Kıbrıs Türk halkının barış, huzur ve güvenlik içerisinde yaşama hakkı olduğunu belirten Cumhurbaşkanı Tatar, Kıbrıs Türk halkının 1960 Uluslararası anlaşmasının iki tarafından bir tanesi olarak tarihten gelen ve anlaşmalardan ortaya çıkan egemenlik hakkı olduğunu kaydetti.

Cumhurbaşkanı Tatar, “Diğer tarafın domine etmeyeceği ve gerçekten self-determinasyon hakkımızı da kullanabileceğimiz bir ortamın oluşturulması için böyle bir sürecin başlatılması gerektiğini kendisine detaylı bir şekilde ifade ettik” dedi.

Kıbrıs Türk halkının 1974’ten beridir süregelen müzakere süreçlerinde iyi niyet, esneklik ve anlayış göstermelerine rağmen Annan Planı zamanında olduğu gibi Crans-Montana’da da karşılık bulamadıklarını belirten Tatar, böyle bir zemindeki müzakere sürecinin bundan sonra da netice vermeyeceğini vurguladı.
“Yeni bir sayfa, yeni bir sürecin başlatılması noktasında Kıbrıs Türk halkının bunu hak ettiğini” belirten Cumhurbaşkanı Tatar, esas mağdur olanın Kıbrıs Türk halkı olduğunun altını çizdi. Direkt uçuşların engellenmesi gibi Kıbrıs Türk halkına ve gençliğine uygulanan spor, kültürel ve siyasi alanlardaki haksız izolasyonlara değinen Cumhurbaşkanı Tatar, Kıbrıs Türk halkının ve gençlerinin artık dünyaya açılması gerektiğini açıkladı. Cumhurbaşkanı Tatar, Doğu Akdeniz’de son yıllarda yaşananlarla Kıbrıs’ın artık eski Kıbrıs olmadığına işaret ederek, bölgenin hidrokarbon araştırmaları ile stratejik olarak gelişmekte olduğunu ifade etti.

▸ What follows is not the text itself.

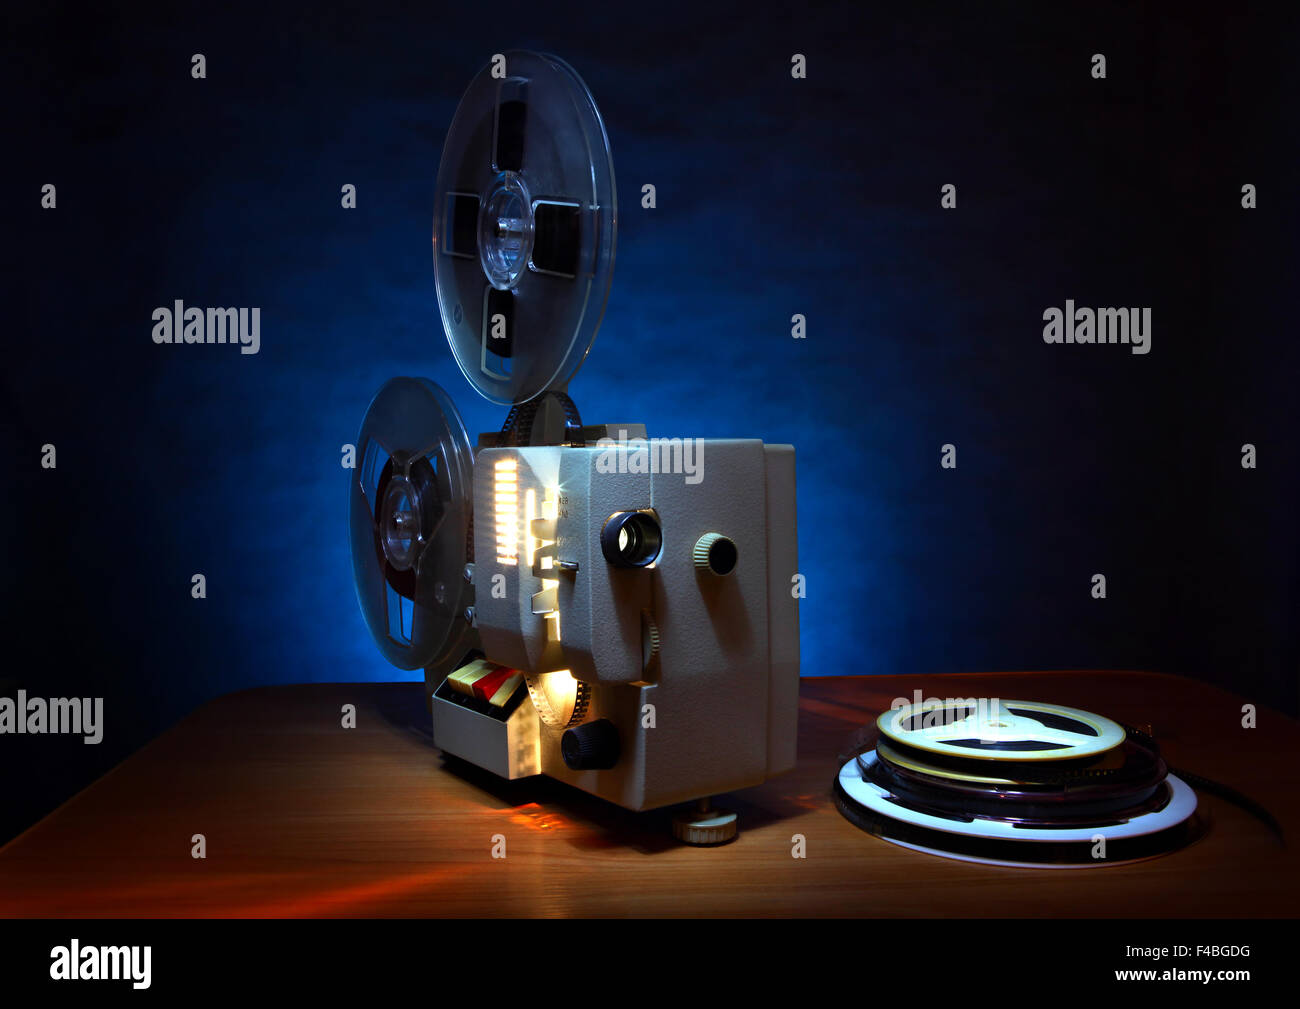 Original old big movie reel for 35 mm cinema projector loaded with film in  vintage color effect on neutral background Stock Photo - Alamy

“Eğer Kıbrıs’ta sürdürülebilir adil ve kalıcı bir anlaşma olacaksa, tüm bu gelişmelere bağlı olarak yeni birtakım süreçlerin de değerlendirilmesi gerektiğini kendisine ifade ettik” diyen Cumhurbaşkanı Tatar, Lute’nin bunları dinlediğini, not aldığını ve sorular sorduğunu kaydetti. Tatar, Lute’nin Rum lider Nikos Anastasiadis ile yapacağı görüşme sonrasında açıklama yapabileceğini veya tekrar liderlerle görüşme isteyebileceğini belirti.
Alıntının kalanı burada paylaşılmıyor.